# SMOK G320 320W TC VW APV Box Mod



## Daniel (6/11/16)

Looks like a killer mod : 

Oly Con I can think is the top LED screen that might fog up or get damaged if your atty leaks.







Specs : 


Variable wattage: Max. 320W (3*18650) / 220W (2*18650)
Temperature control: 200'F-600'F / 100'C-315'C
Resistance range: 0.1-3ohm(VW) / 0.06-3ohm(TC)
0.96'' OLED screen: Vaping data is easy-to-read by the top OLED screen that takes account of visual effect and high-grade appearance
510 threading connection
Houses dual or triple 18650 batteries (batteries sold separately)
Micro-USB port

Reactions: Winner 1


----------



## Gizmo (6/11/16)

Awesome looking mod. Smok really stepping up as of late.


----------



## Rude Rudi (6/11/16)

Gizmo said:


> Awesome looking mod. Smok really stepping up as of late.



With frequent succession...


Sent from my iPad using Tapatalk


----------



## daniel craig (6/11/16)

This SMOK Marshal looks great. I see they have done away with their firing bar and put a button instead.


----------



## GuardianAlpha (20/11/16)

Dont know if I should bite the bullet now and get the Alien Kit or just hang in there and get this bad boy...
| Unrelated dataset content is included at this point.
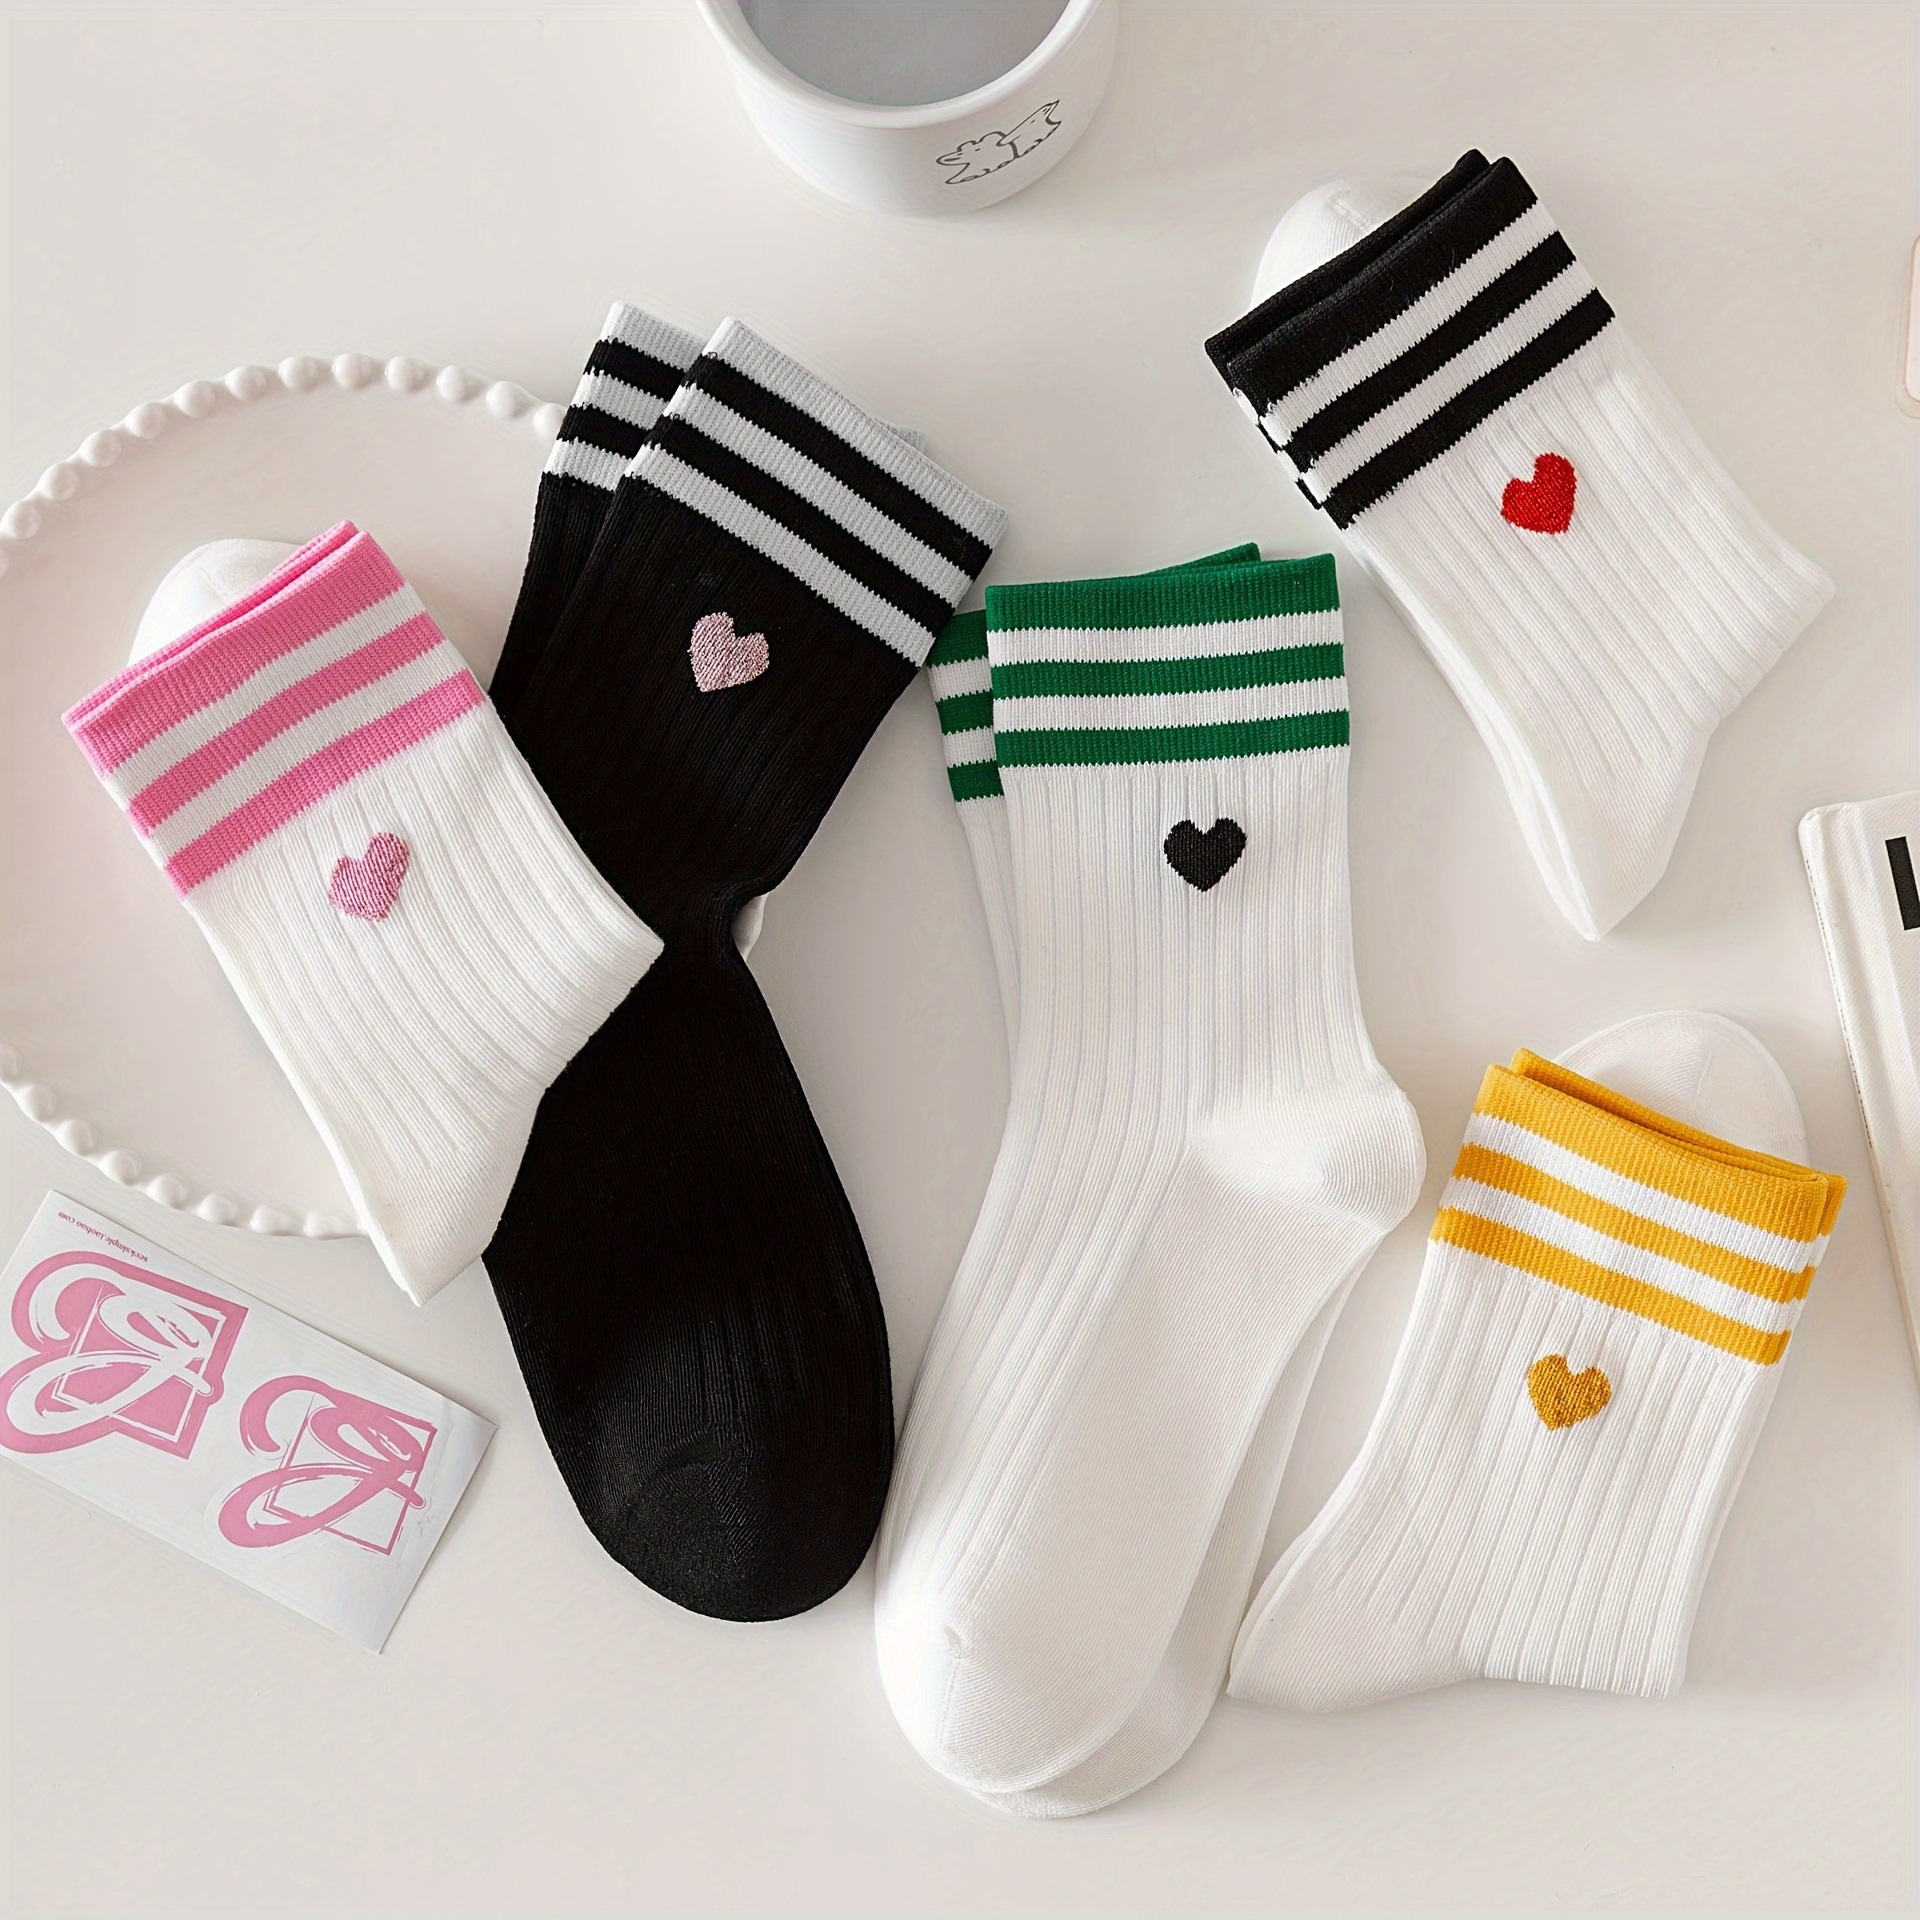 

5 Pairs Heart & Striped Socks, Cute College Style Mid Tube Socks For Fall & Winter, Women's Stockings & Hosiery

Sent from my SM-G900F using Tapatalk


----------



## therazia (20/11/16)

@GuardianAlpha I know that struggle all too well. Waited for more reviews on the Hpriv 220W and then Boom! out come the photos of the Aliens. Decide to wait for the Alien then I see this badboy. 

Such a hard choice.


----------



## GuardianAlpha (20/11/16)

@therazia then to top it off, i got my hands on a g priv a few days back and damn, thats a sexy mod. Not the most careful person though so the touch screen might be a bad idea in my hands...

Sent from my SM-G900F using Tapatalk


----------